***** SOURCE DATA *****

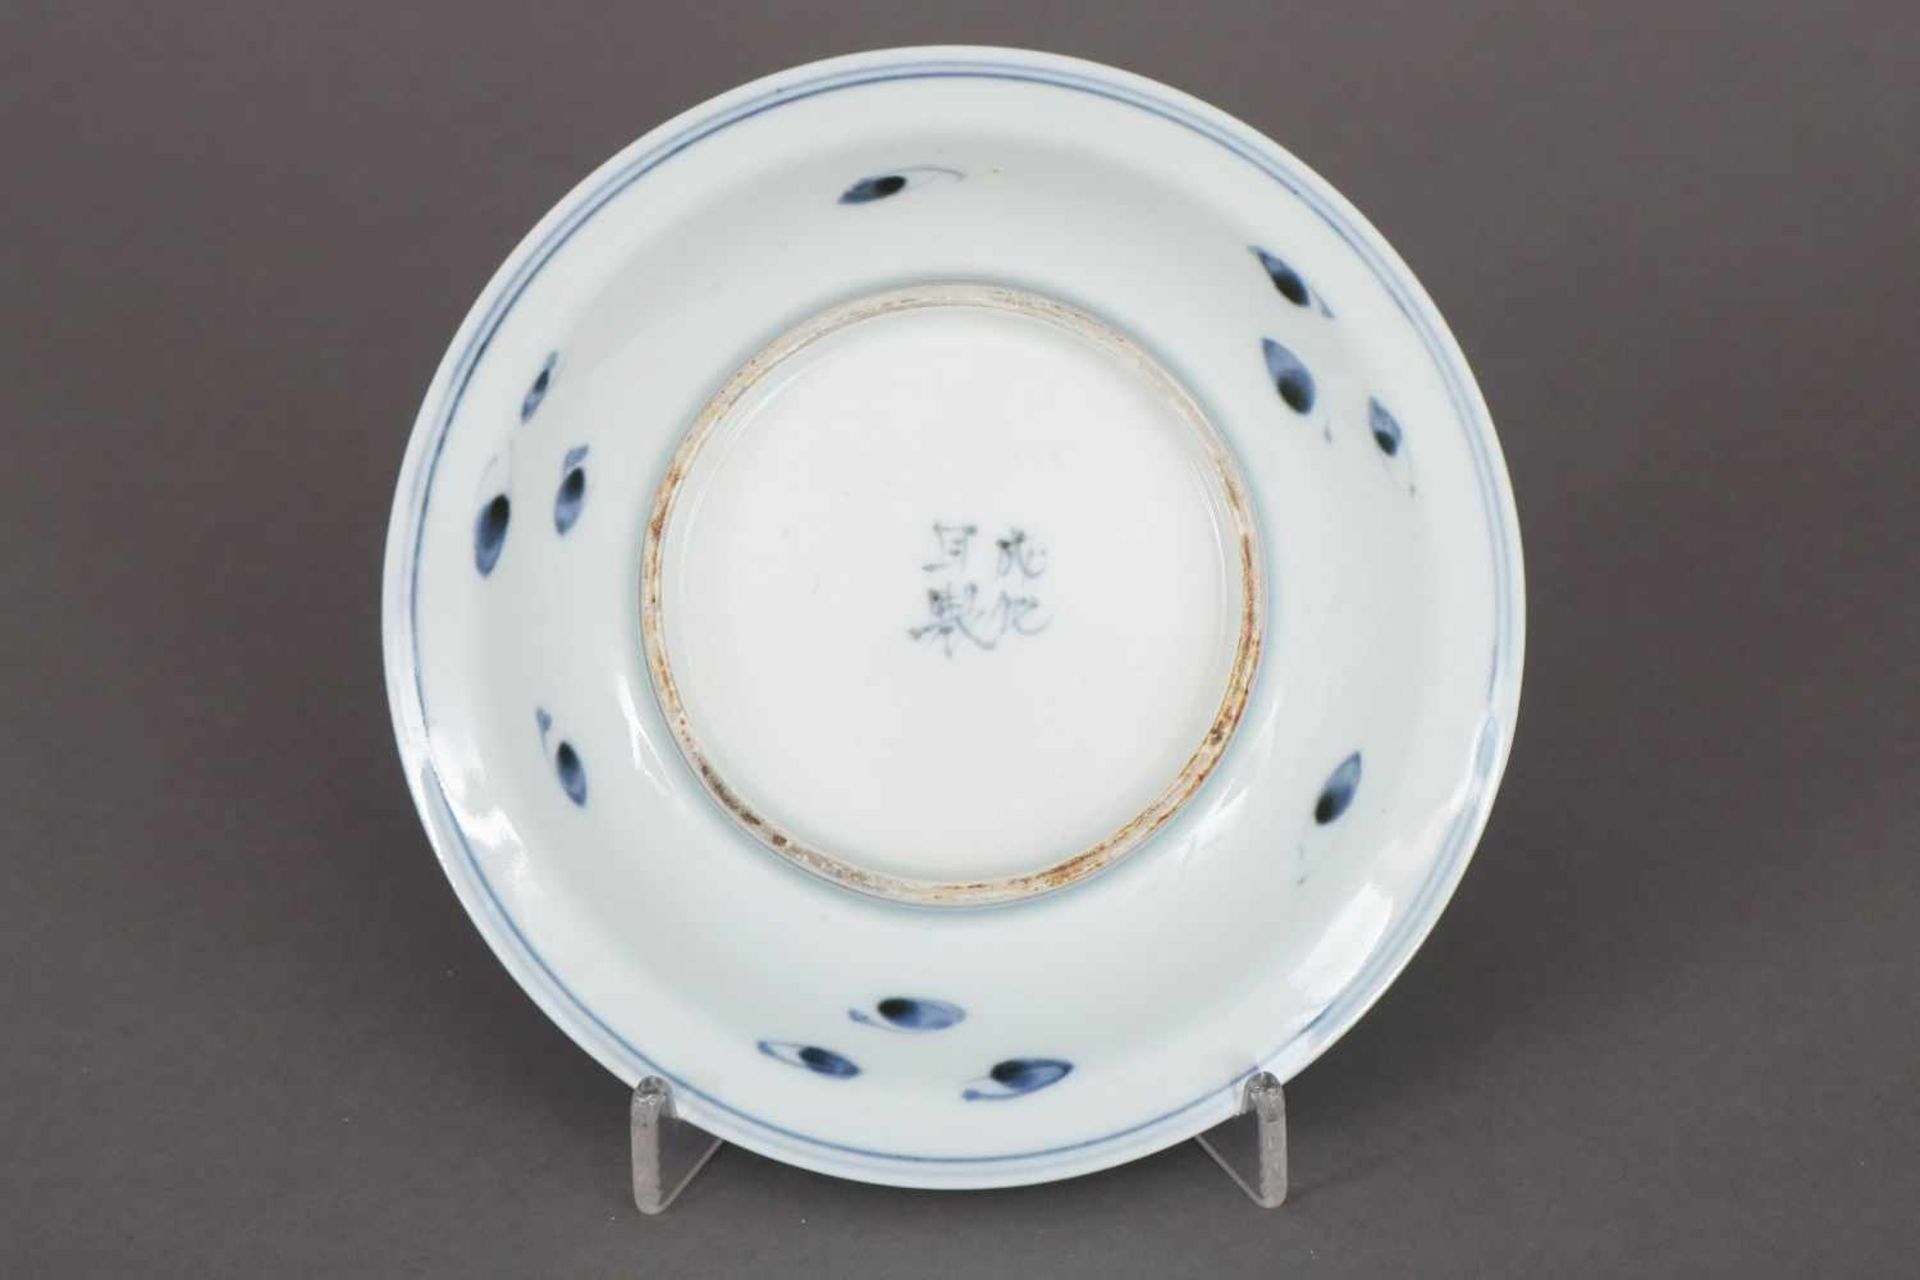 Chinesische Porzellanschale im Stile Mingrunde, vertiefte Schale, Blaumalerei, im Spiegel - Bild 2 aus 2
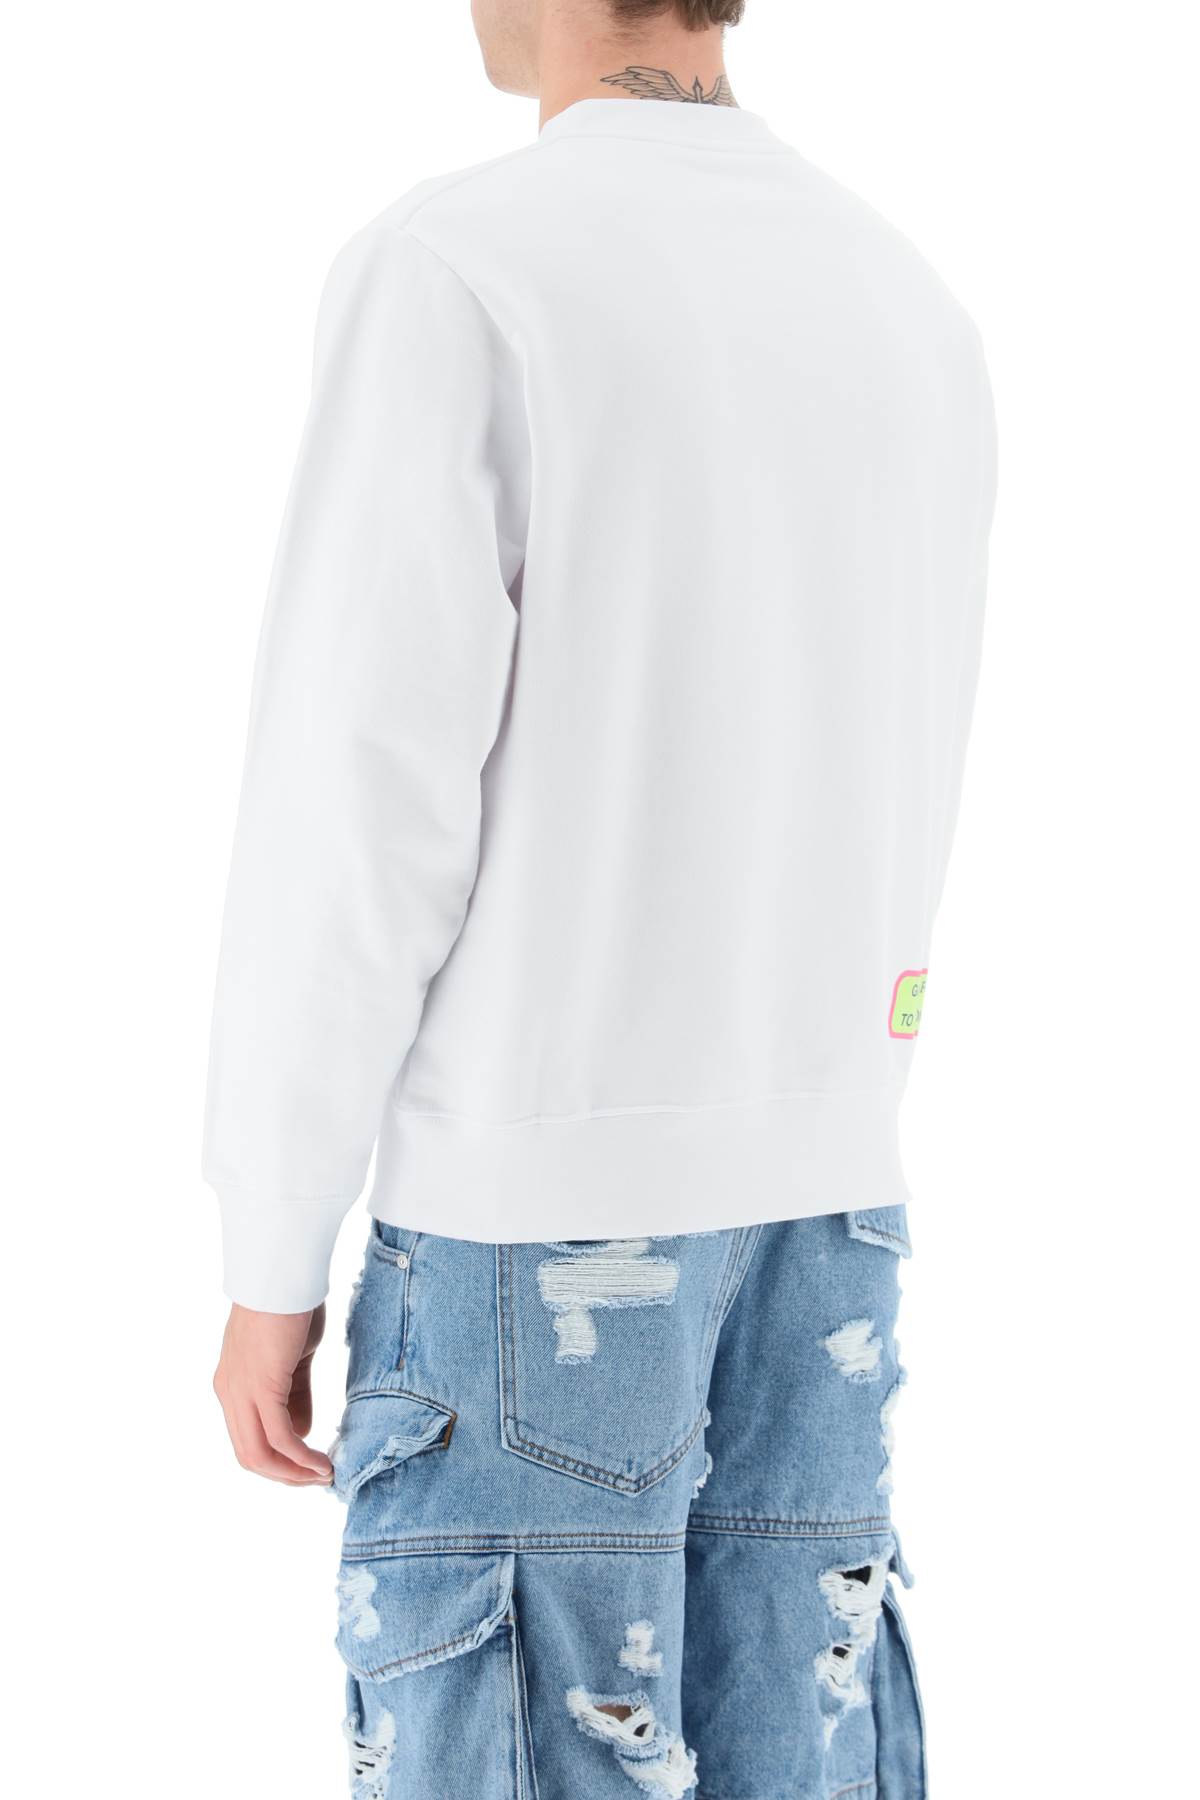 Shop Gcds Surfing Weirdo Sweatshirt In White (white)
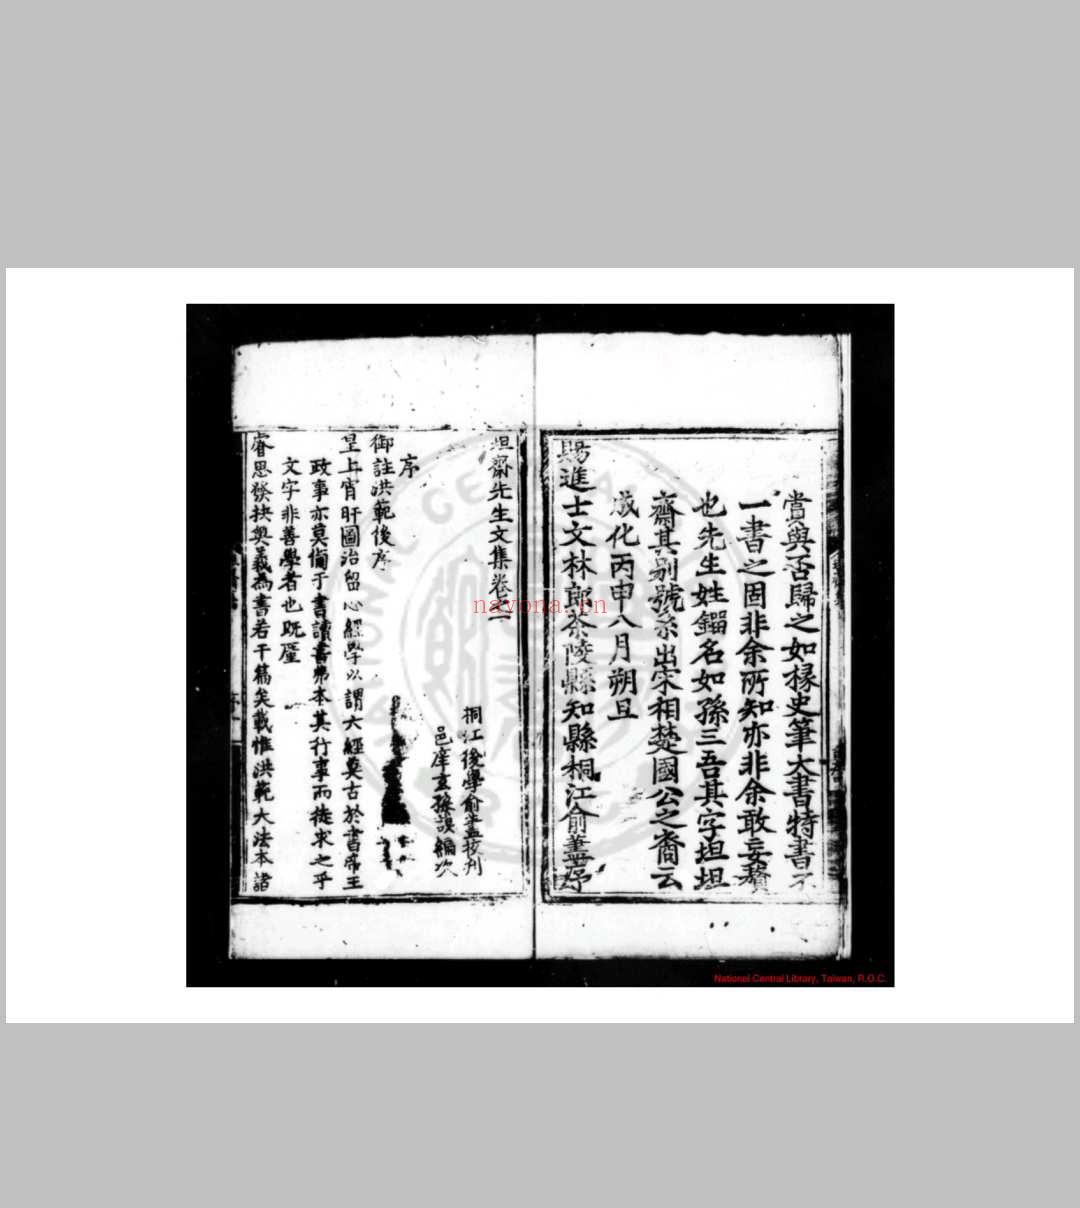 坦斋先生文集 (明)刘三吾撰 明成化丙申(十二年, 1476)茶陵知县俞荩刊本
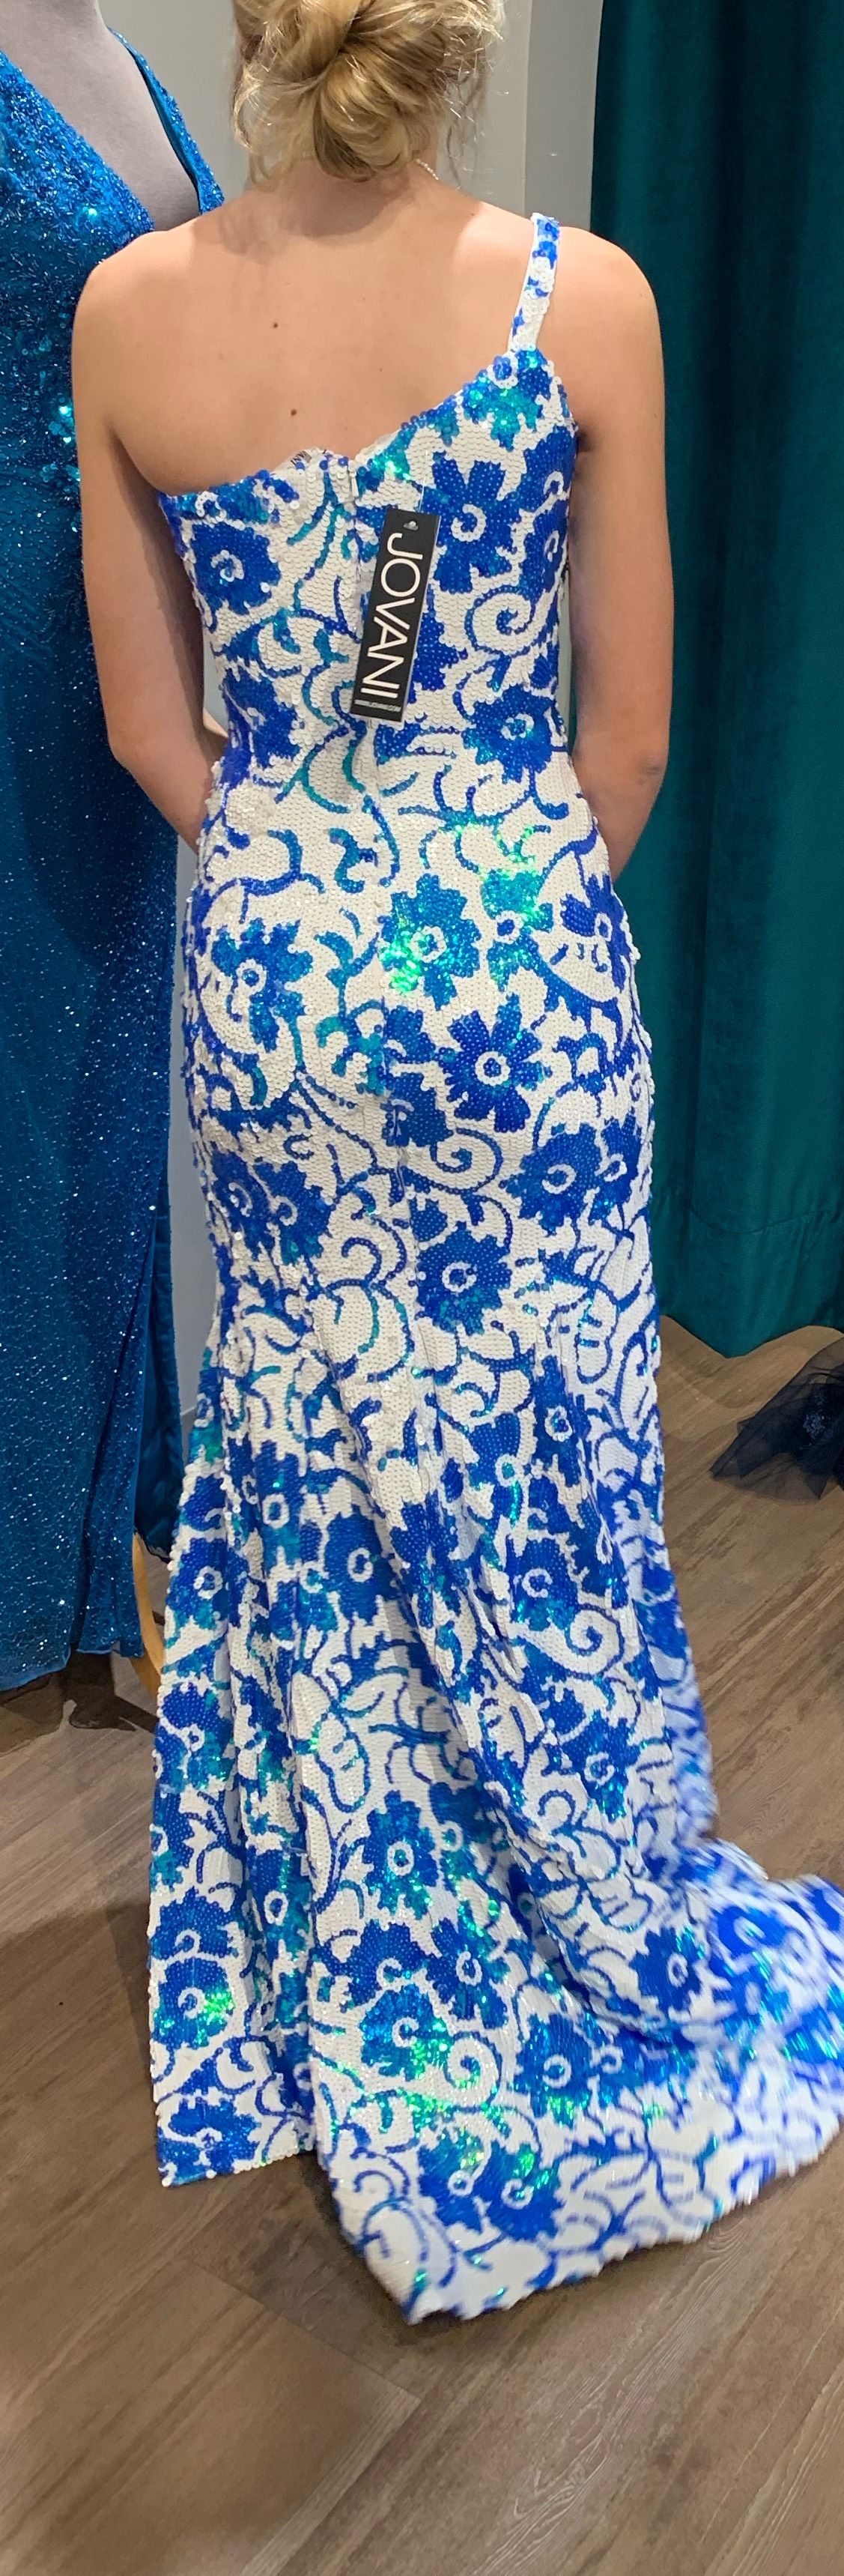 Jovani Size 2 Prom One Shoulder Multicolor Side Slit Dress on Queenly

*****

#### TRY IT
Leave out the pictures and repeat the remaining data exactly.

#### TASK OUTPUT
 Chinesische Porzellanschale im Stile Mingrunde, vertiefte Schale, Blaumalerei, im Spiegel - Bild 2 aus 2
 Shop Gcds Surfing Weirdo Sweatshirt In White (white)
 坦斋先生文集 (明)刘三吾撰 明成化丙申(十二年, 1476)茶陵知县俞荩刊本
 Jovani Size 2 Prom One Shoulder Multicolor Side Slit Dress on Queenly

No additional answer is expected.